Voir par ailleurs le communiqué publié par AFRANE le 17 juin 2025

Nous ne parlerons pas ici des idées de M. Leschi sur la poli­tique récente de la communauté internationale en Afghanis­tan. Cela nécessiterait un développement plus important. Disons seulement que son analyse nous paraît très sommaire et dénote une connaissance peu approfondie de cette poli­tique. Mais les conclusions qu’il en tire ont peu à voir avec le reste de son analyse. Un point cependant nous questionne plus particulièrement : l’auteur semble indiquer que l’insur­rection des talibans serait populaire. Ceci reste à démontrer. On comprend mal pourquoi une insurrection populaire serait à l’origine de la fuite d’un si grand nombre de ressortissants afghans et ceci dans toutes les couches de la société et toutes les ethnies.

Dans son introduction, D. Leschi écrit aussi : « le conser­vatisme social en Afghanistan, que les migrants conservent en partie, est difficilement compatible avec les valeurs fran­çaises » Cette phrase n’est pas sans poser plusieurs pro­blèmes. D’abord qu’est-ce exactement que le conservatisme social ? Cela déterminé, la France ne devrait-elle accorder l’asile qu’à des personnes ne venant pas de pays où sévirait un tel « conservatisme social » ? Une tendance existe actuel­lement à vouloir trier parmi les réfugiés ceux qui seraient in­tégrables. Les souvenirs de l’avant-guerre et de l’intégration supposée impossible de bien des réfugiés de l’est de l’Europe, ne doivent pas être oubliés et on peut sentir facilement com­bien cette idée est contestable, difficile à définir et portant des conséquences qui pourraient être redoutables. Là il s’agit même de plus : les réfugiés intégrables ne devraient pas pro­venir de pays dont le « conservatisme social » serait patent.

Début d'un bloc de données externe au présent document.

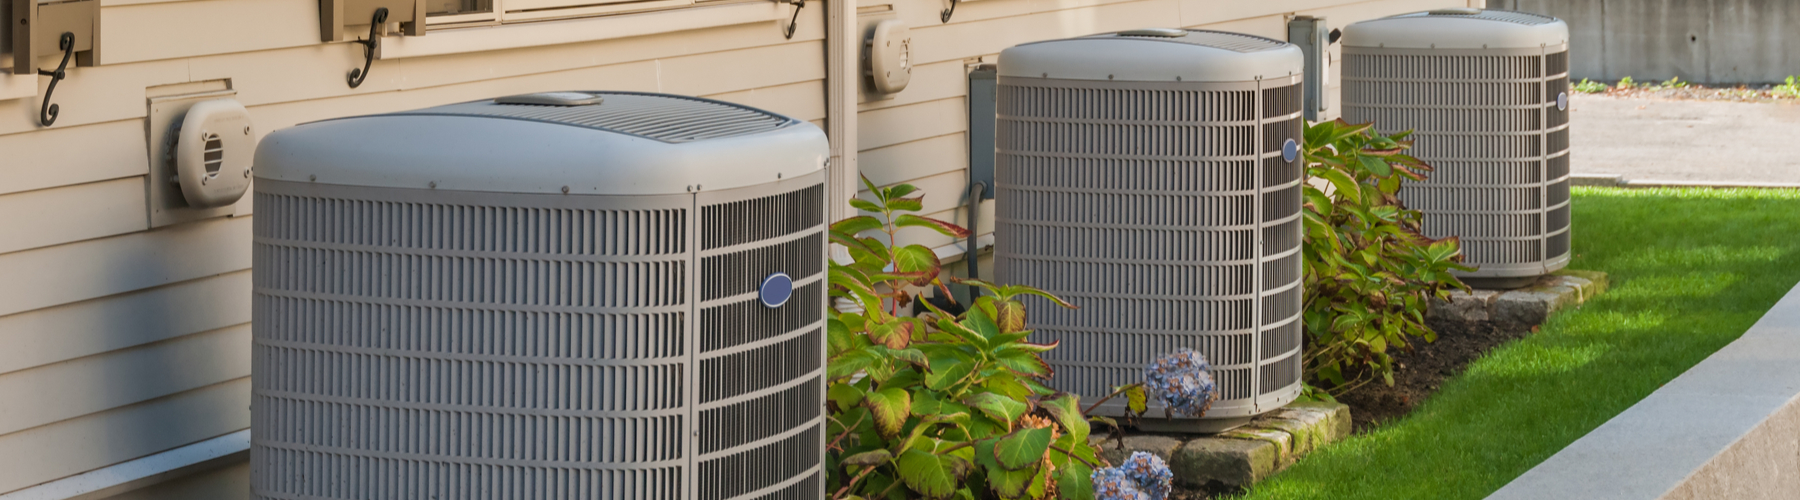 The dos-and-don’ts of maintaining your HVAC system

Certes l’asile politique ne doit être accordé qu’à des per­sonnes relevant effectivement, au sens du droit et de la juris­prudence de ce droit, sinon il perdrait sa signification, mais le « conservatisme social » du pays dont elles sont issues ne devrait pas être le sujet.

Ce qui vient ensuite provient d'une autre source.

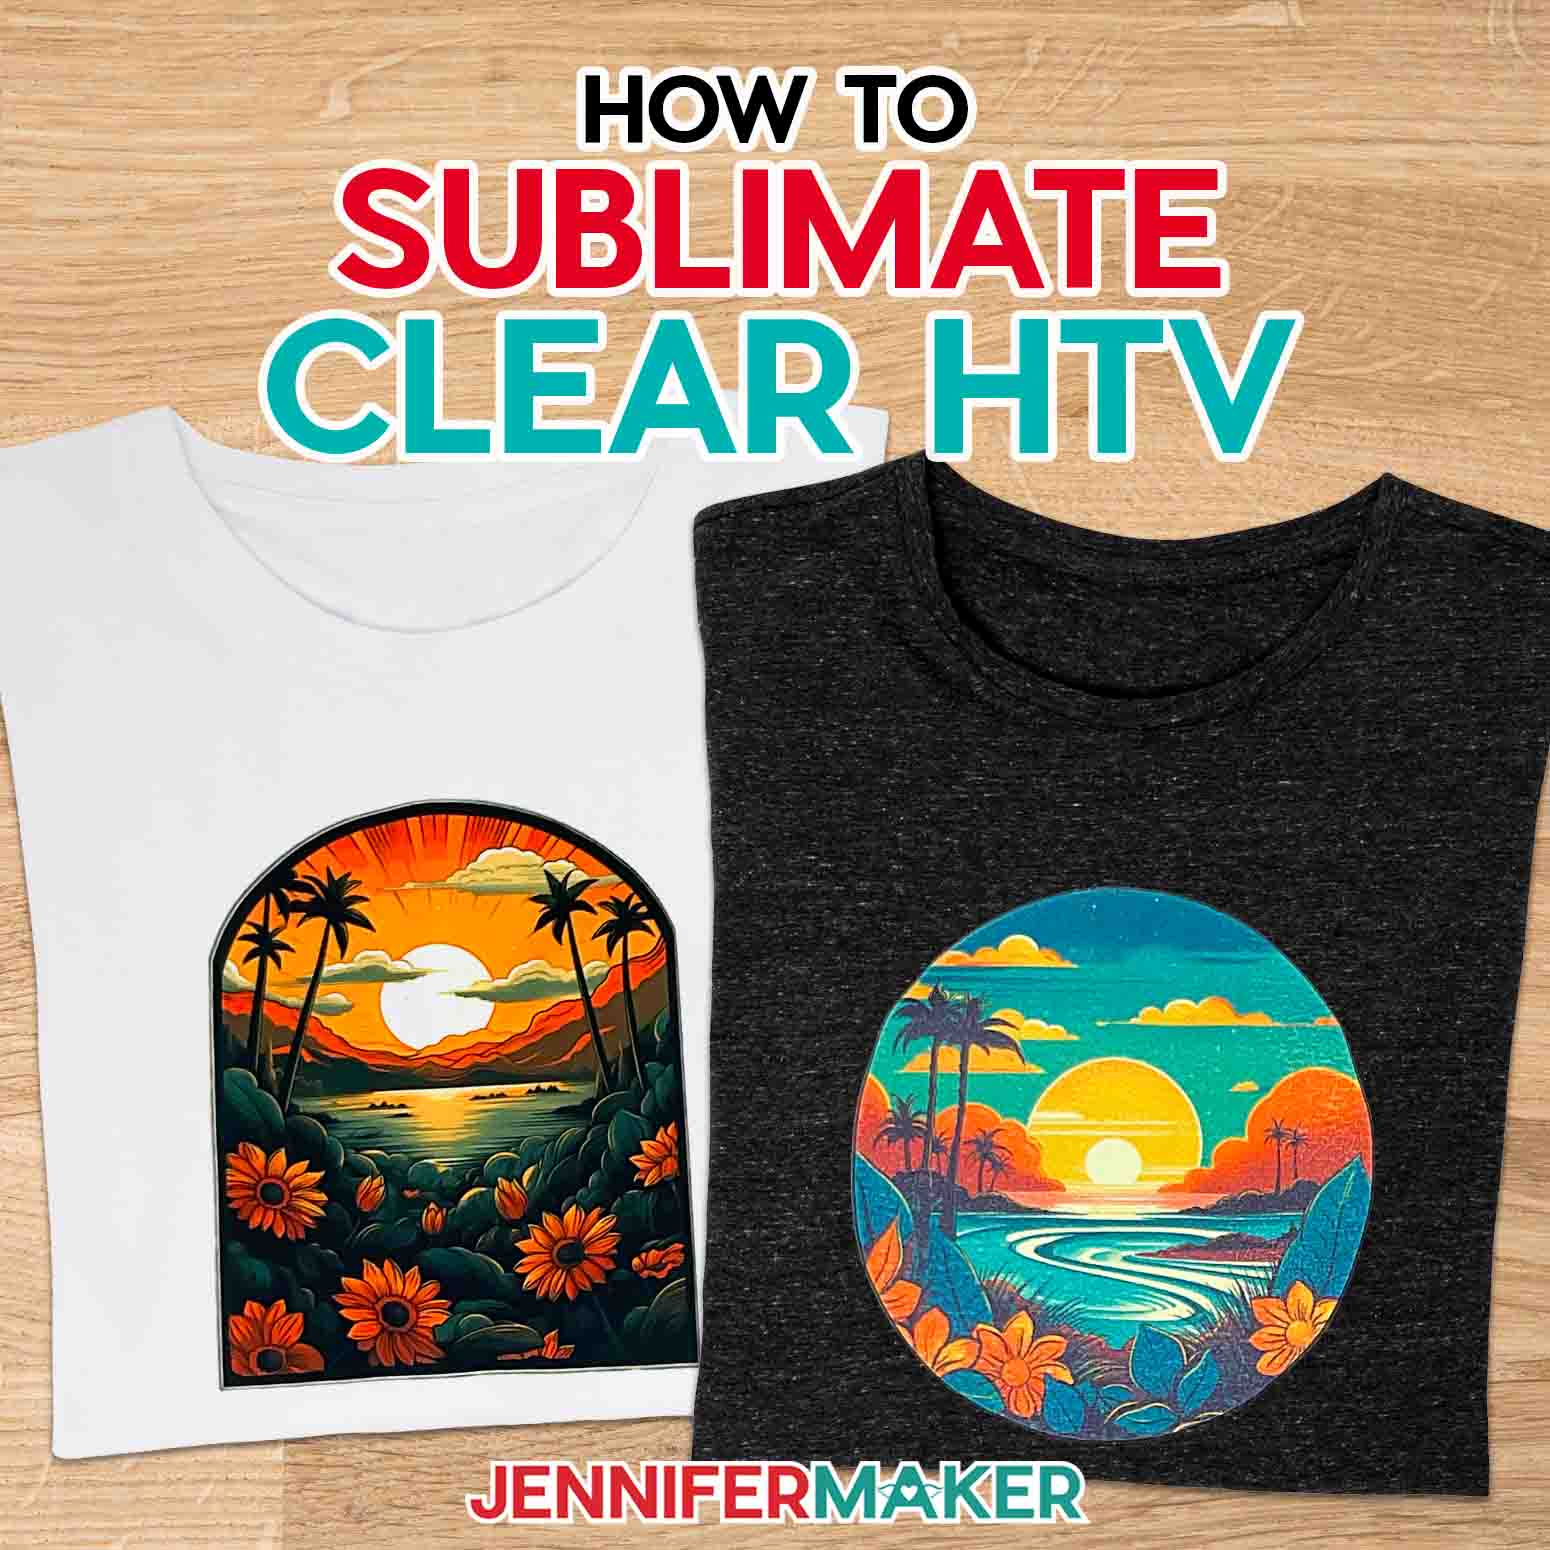 How to Sublimate Clear HTV on Dark AND Cotton Shirts!

Didier Leschi développe ensuite son propos dans plu­sieurs chapitres. Dans le premier, intitulé La ruée afghane vers l’Europe, il parle du volume important de l’immigration afghane en Europe et notamment en France. Le mot « ruée » semble choisi pour créer un choc ou une émotion. Il est de fait, pour se limiter à la France, que la présence afghane a pris beaucoup d’ampleur et le chiffre de 100 000 Afghans, qui n’inclut pas apparemment les Afghans naturalisés, est sans doute sous-estimé. Il est de fait aussi que la décision d’Angela Merkel d’ouvrir les frontières de son pays a été un élément déclencheur pour les Afghans comme pour beau­coup d’autres victimes de conflits au Moyen-Orient, en Asie ou en Afrique. Cependant, plus qu’une ruée vers l’Europe, il s’agit d’une ruée en dehors de l’Afghanistan. Etonnamment le rapport ne parle pas du Canada, des Etats-Unis ou de l’Aus­tralie sans compter certains pays d’Asie notamment l’Inde, où la diaspora afghane est importante.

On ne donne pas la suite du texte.